After the evidence was closed, the plaintiff submitted to the court a series of instructions, 23 in number, and asked that the jury be charged as therein indicated. As to instructions 11, 12, and 19, no ruling was made, nor was an exception taken for the failure of the court to pass upon them. The twenty-third, relating to the before-mentioned waiver of defense, upon the ground of self-destruction, was rightly refused, because the evidence showed no such waiver. As to the remaining instructions, the court said, generally, that the propositions announced in them could not be affirmed, because they were either unsound or irrelevant. A general exception was taken to the 'answers' of the court to the application to charge the jury as indicated in plaintiff's points. That exception, however, was too vague and indefinite. Some of the instructions submitted might well have been given, while others were abstract, or did not embody a correct exposition of the law of the case. Those instructions, although separately numbered, seem to have been presented as one request, and the exception was general as to the action of the court in respect of them all. If it was intended to save an exception as to distinct propositions embodied in the instructions, the attention of the court should have been directed to the specific points concerning which it was supposed error had been committed. As some of the plaintiff's instructions were properly overruled, we ought not, under the general exception taken, to reverse the judgment merely because, in the series presented as one request, there were some which ought to have been given. Indianapolis, etc., R. Co. v. Horst, 93 U. S. 295; Rogers v. The Marshal, 1 Wall. 644; Harvey v. Tyler, 2 Wall. 338; Johnson v. Jones, 1 Black, 209; Beaver v. Taylor, 93 U. S. 46; Beckwith v. Bean, 98 U. S. 284.

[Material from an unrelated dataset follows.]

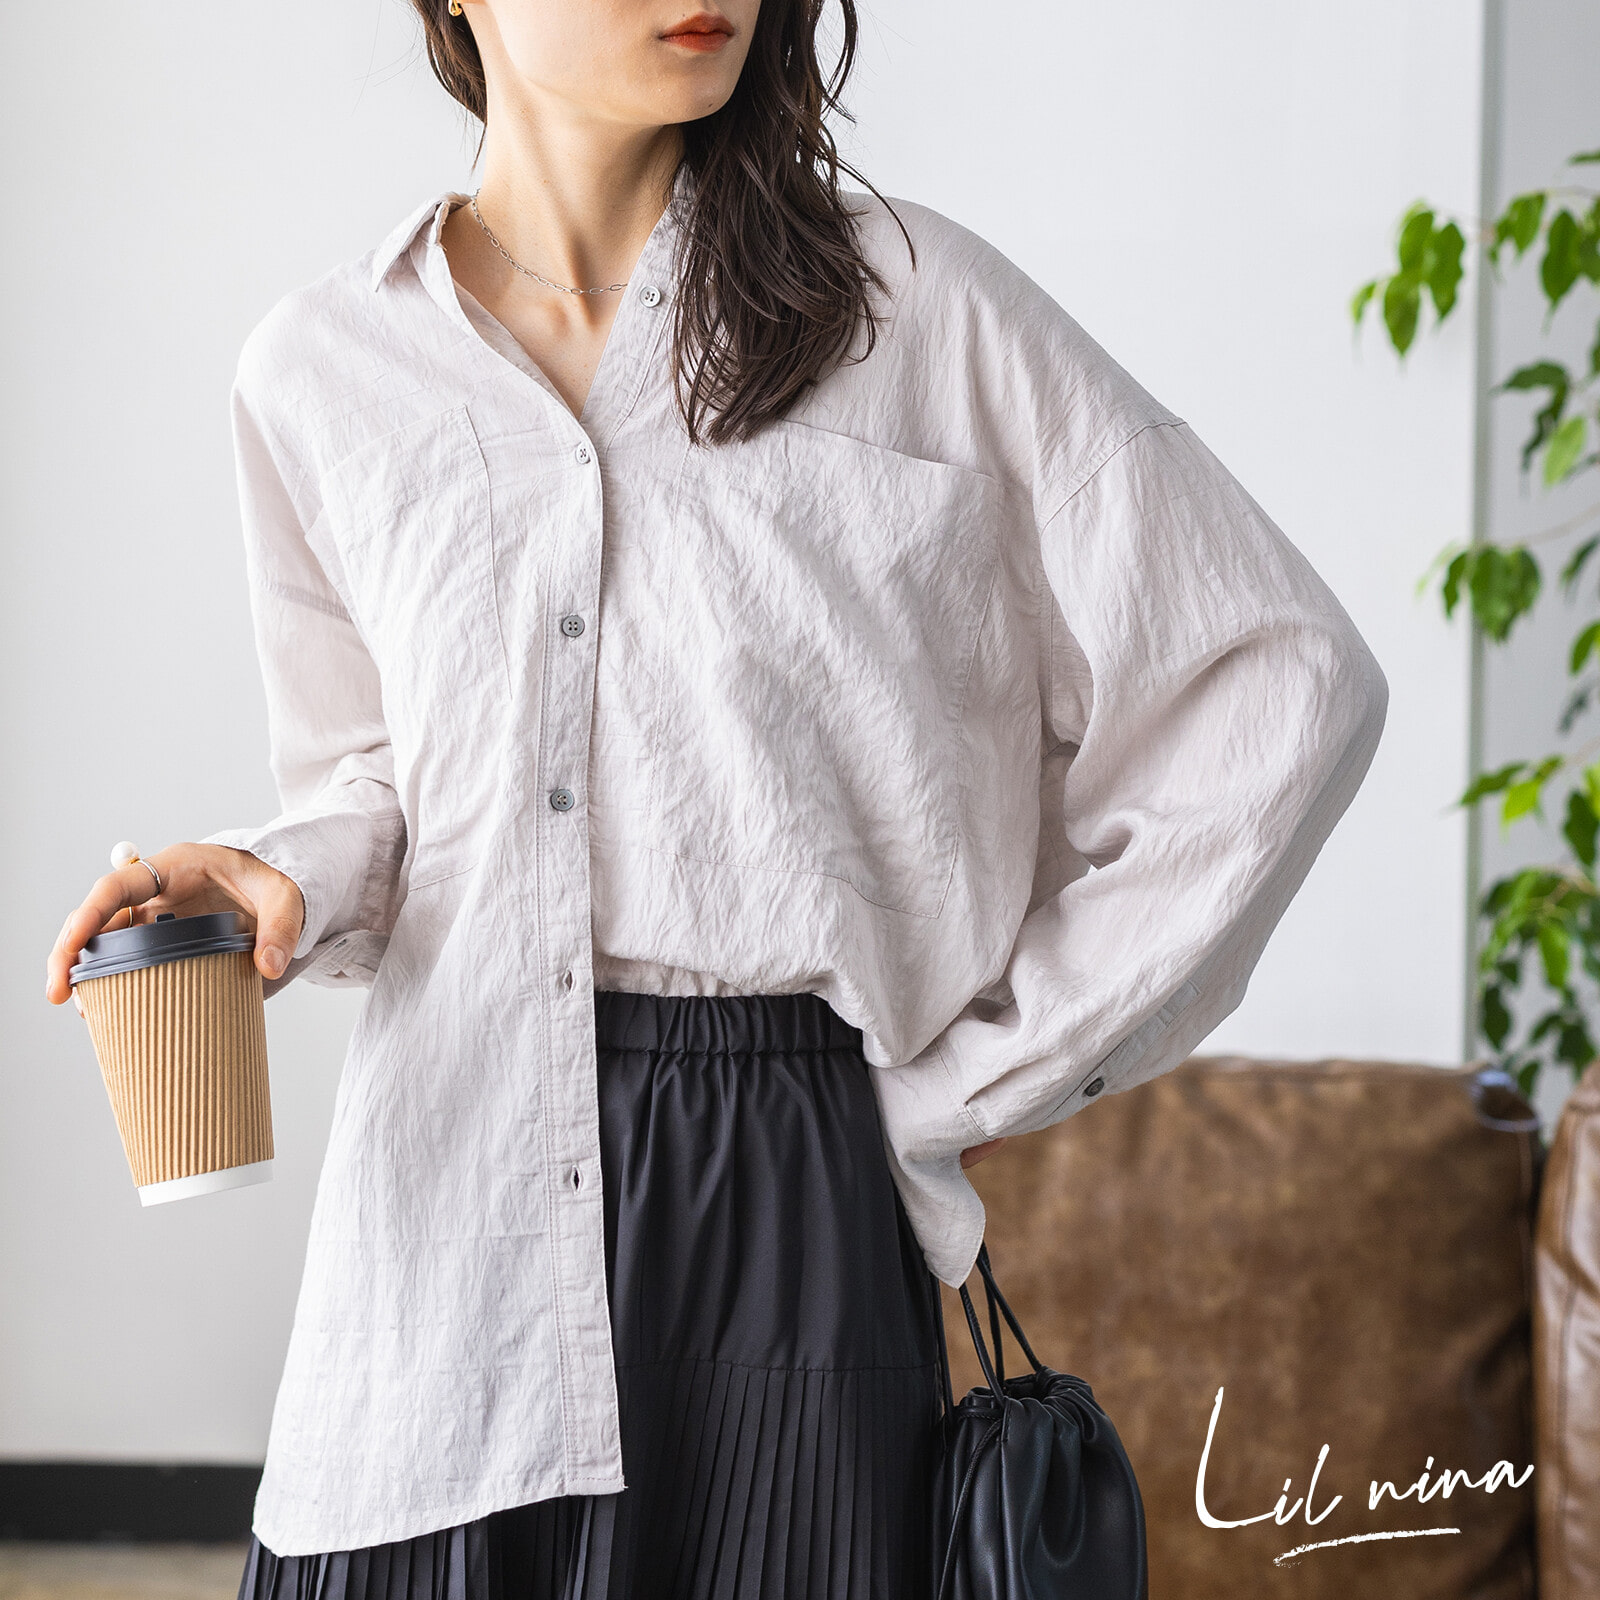 Lil nina : 특별한 소재 시원한 촉감의 오버핏 셔츠(2컬러)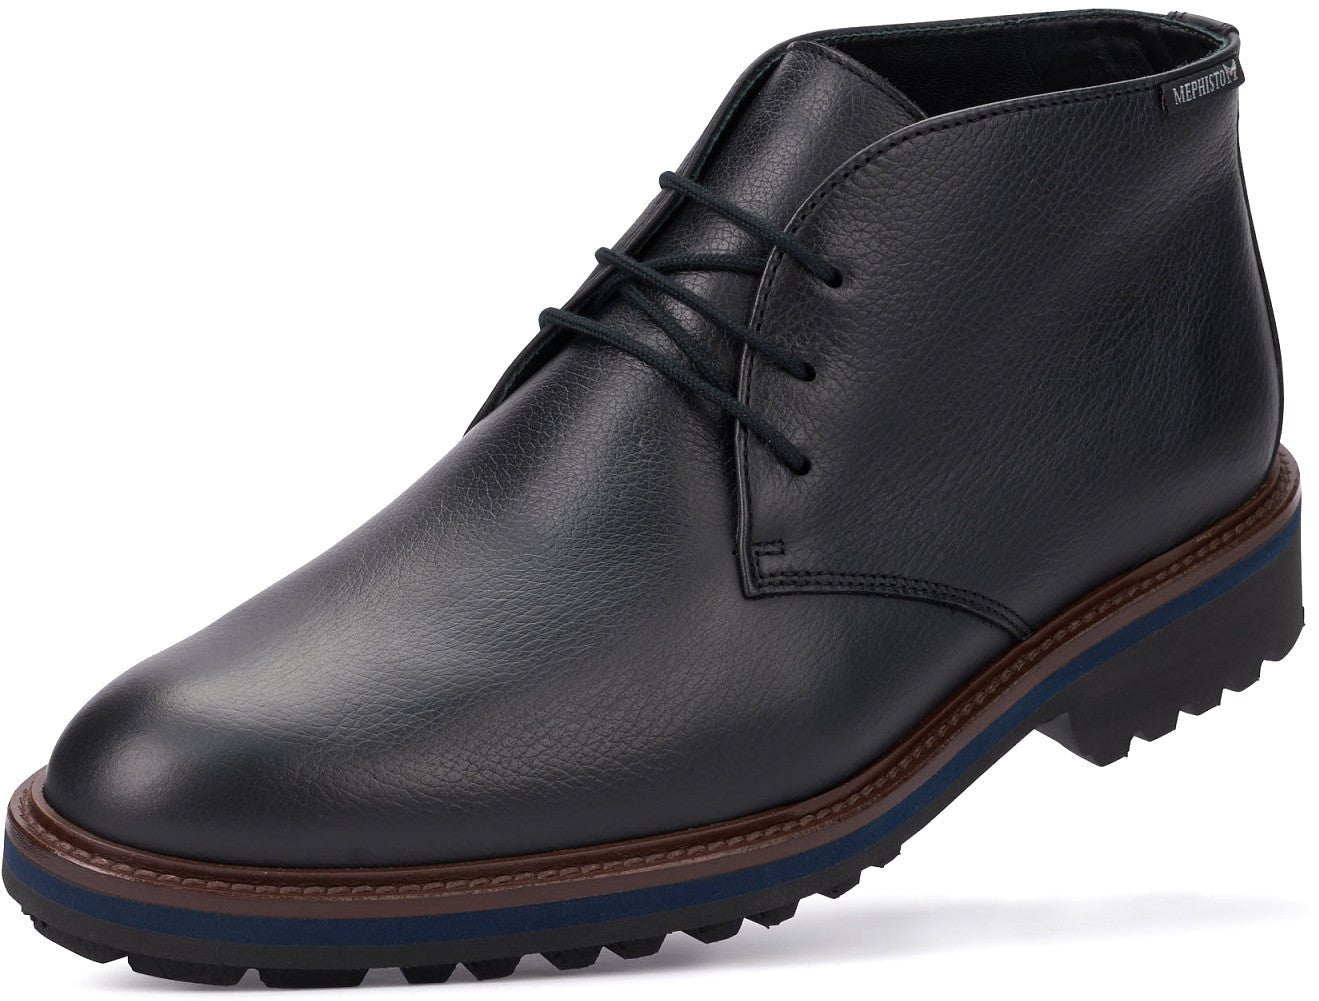 'BERTO' men's lace-up boot - Black - Chaplinshoes'BERTO' men's lace-up boot - BlackMephisto

But there were certain parts of the charge to which exceptions were taken in due form. The rulings, the correctness of which is questioned by the assignments of error, will be presently stated. It is necessary that we should first ascertain the precise nature of the case disclosed by the evidence.

The seventh question in the application for insurance required the insured to answer yes or no, as to whether he had ever been afflicted with any of the following diseases: Insanity, gout, rheumatism, palsy, scrofula, convulsions, dropsy, small-pox, yellow-fever, fistula, rupture, asthma, spitting of blood, consumption, and diseases of the lungs, throat, heart, and urinary organs. As to each the answer of the insured was, no.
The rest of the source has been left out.